» WORK TO BE COMPLETED: Go through the listing below and output exactly the line with "One Mind, Any", the line with "Ava Cotton Outdoor Hat by Stetson - 59,00", and each line between; omit the rest.

» ENTRIES PROVIDED:
********

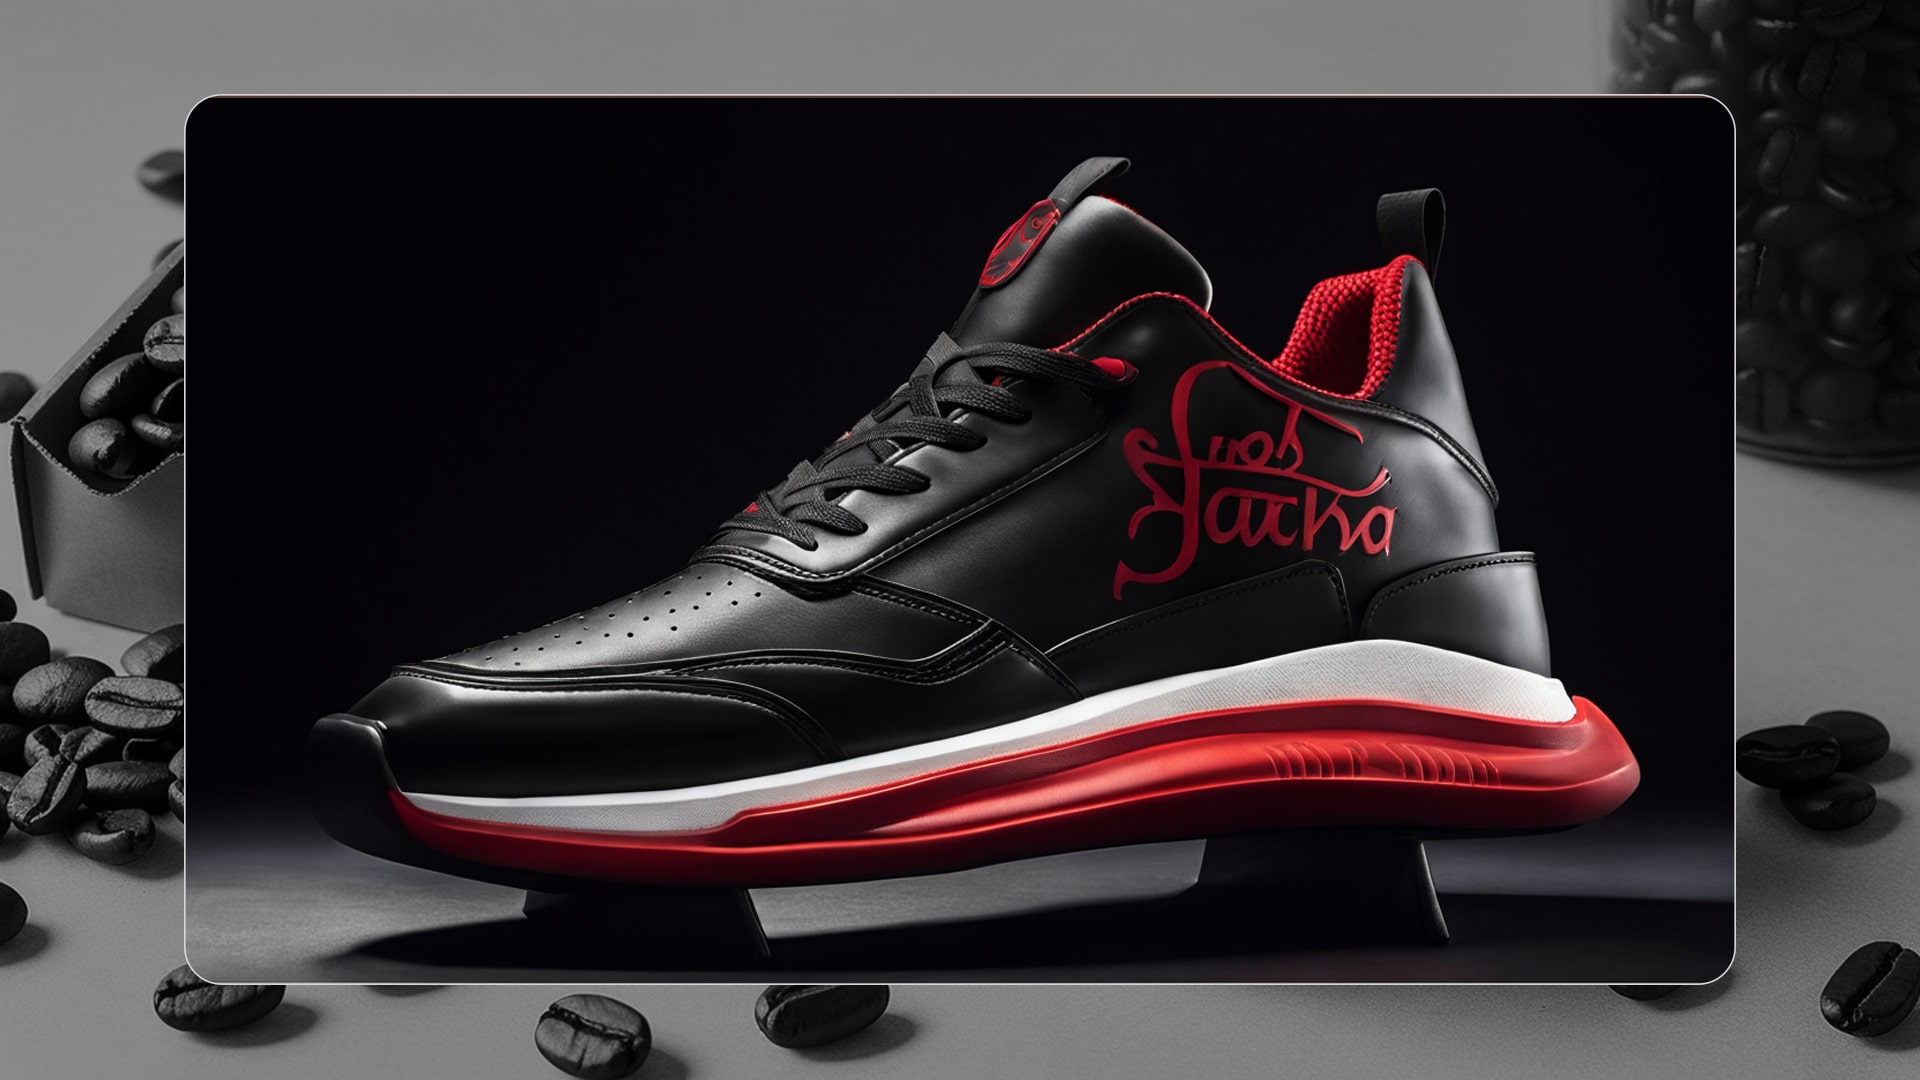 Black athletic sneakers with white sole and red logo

********

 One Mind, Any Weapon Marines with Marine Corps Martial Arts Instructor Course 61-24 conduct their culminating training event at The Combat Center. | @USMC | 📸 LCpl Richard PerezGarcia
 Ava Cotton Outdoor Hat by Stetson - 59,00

********

» PROBLEM SOLUTION:
 One Mind, Any Weapon Marines with Marine Corps Martial Arts Instructor Course 61-24 conduct their culminating training event at The Combat Center. | @USMC | 📸 LCpl Richard PerezGarcia
 Ava Cotton Outdoor Hat by Stetson - 59,00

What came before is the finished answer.